Babcia moja nie mogła sobie poradzić ze stratą swojej córki (mojej mamy) i często mówiła, że ją widuje u siebie w mieszkaniu. Biały gołąb to duch święty, kiedyś na cmentarzu szliśmy do mamy na grób i biały gołąb się do nas przyczepił, po prostu chodził za nami i nie dał się przegonić. Wydaje mi się, że to była ona.

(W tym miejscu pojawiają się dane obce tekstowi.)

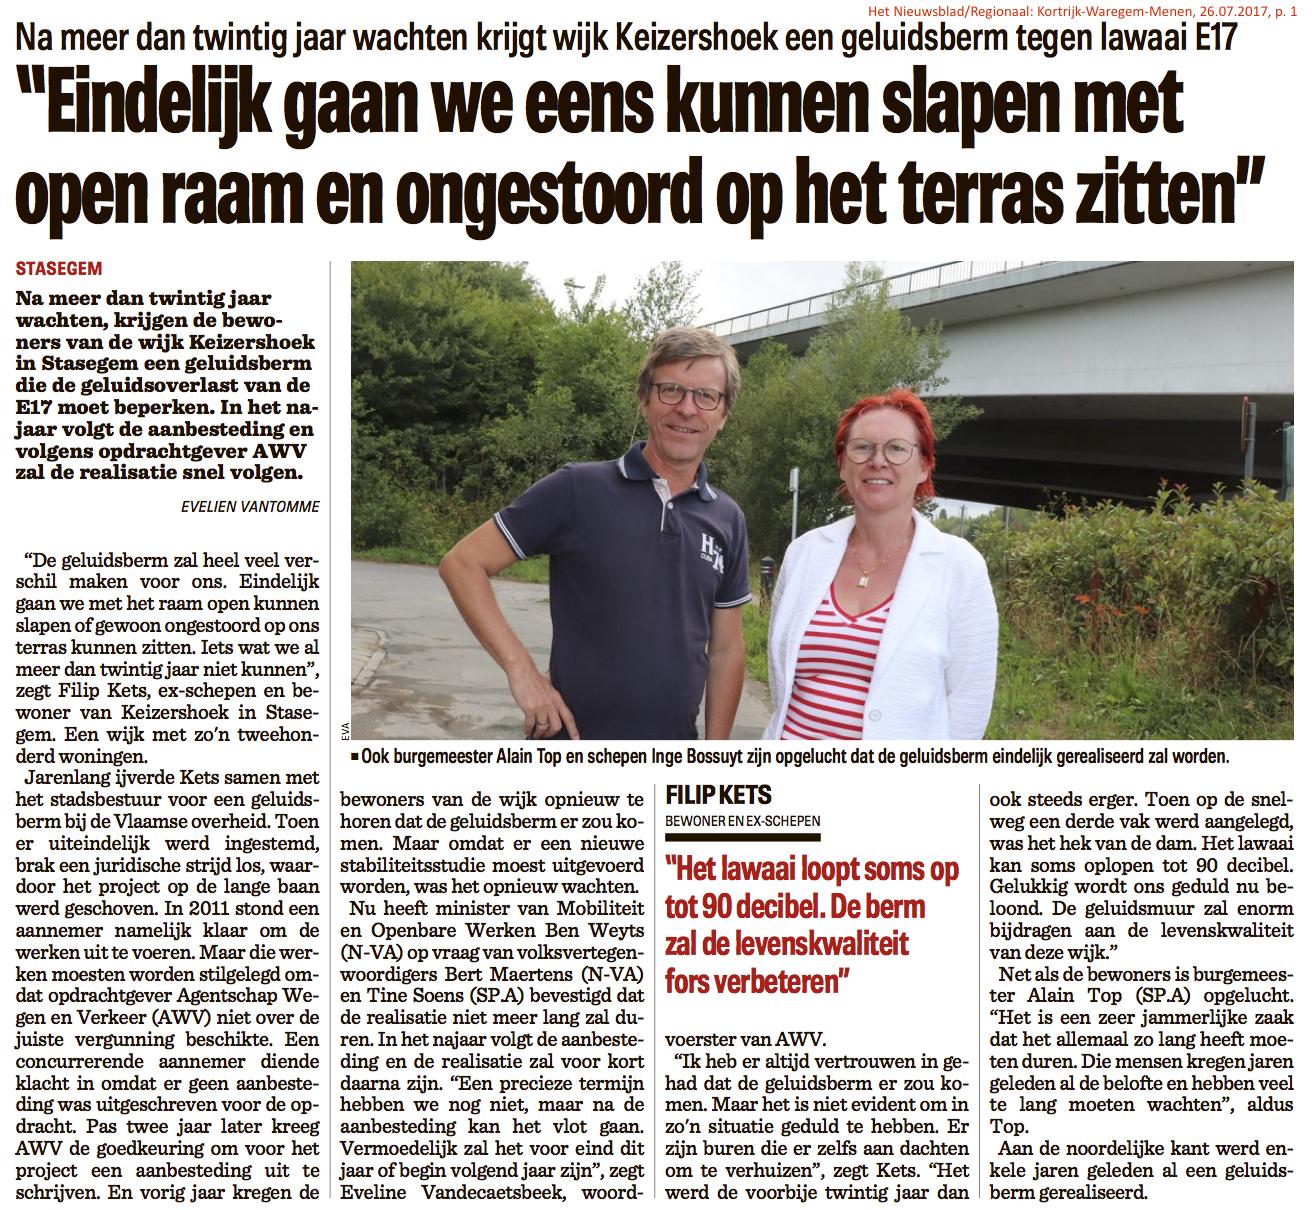 Het Nieuwsblad/Regionaal: Kortrijk-Waregem-Menen, 26.07.2017, p. 1
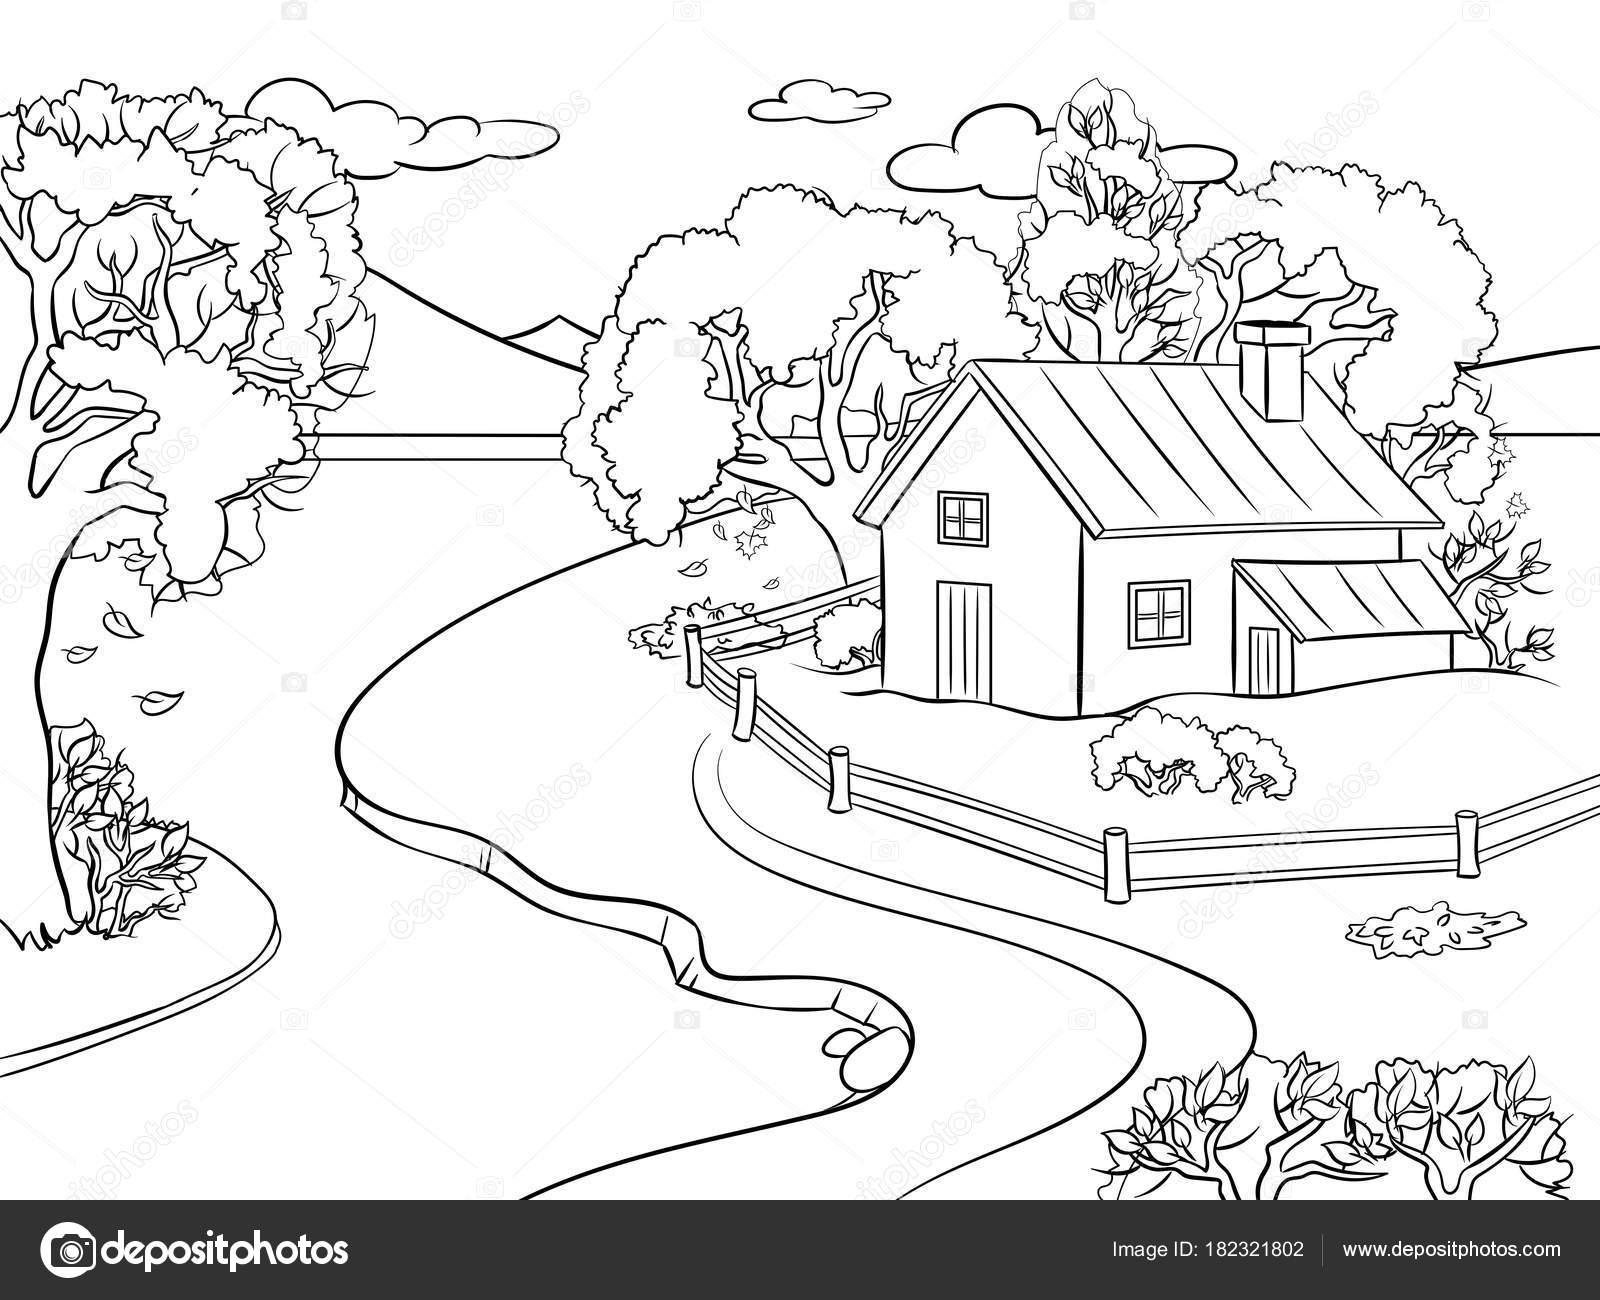 Dibujo De La Palabra Otoño Para Colorear Con Los Niños: Imágenes: Paisajes De Otoño Para Dibujar

I jeszcze mam jedną koleżankę u której coś ewidentnie było w domu rodzinnym, bo wielokrotnie mówiła że się coś tłucze, albo krzesło było przesunięte, zamieszkała w swoim mieszkaniu i to wszystko ustało - rzeczy działy się u niej w pokoju.

ocenił(a) film na 8
Jestem_nieznosna

Ciekawe historie.
Też nie mógłbym mieszkać w nawiedzonym domu.
Nie jestem mężny jak Conan i mam bogatą wyobraźnię :)

ocenił(a) film na 9
Lisowczyk

Dlatego ja zawsze się dziwię, że w filmie wszyscy idą wszystko sprawdzić, podczas gdy pewnie by się schowali do szafy w realnym życiu. ;)

Lisowczyk

Kiedyś zastałam zapalone światło w łazience i zamknięte drzwi. No OK, nic takiego. Nikogo w środku nie było, drzwi otworzyłam, a światło zgasiłam. Poszłam opierniczyć bratanka, żeby światło po sobie gasił, ale on twierdził, że nie był w łazience. Wracam, drzwi znowu zamknięte, światło zapalone. Wystraszyłam się nie na żarty, bo nikogo poza nami i moją mamą w domu nie było. Fizycznie nie było nikogo w pobliżu łazienki, więc nikt z domowników nie mógł sobie żartować w ten sposób. Późnym wieczorem przyjechał kuzyn z informacją, że babcia zmarła...

ocenił(a) film na 8
Genma

Ciekawa historia :) Dzięki :)

ocenił(a) film na 8
Genma

Moi rodzice będąc nastolatkami wywoływali duchy i mojej babci razem ze swoimi znajomymi.
W pewnym momencie talerze zaczęły kręcić się w kółko na stole.
Kiedy zbierali się do wyjścia drzwi wejściowe trzasnęły z całej siły.
Mój tata musiał potem odprowadzać koleżanki do ich domów a potem sam wracał do swojego w nocy kilkanaście kilometrów.

ocenił(a) film na 8
Lisowczyk

u mojej babci

ocenił(a) film na 8
Lisowczyk

A dziadkowie spali sobie smacznie w pokoju obok.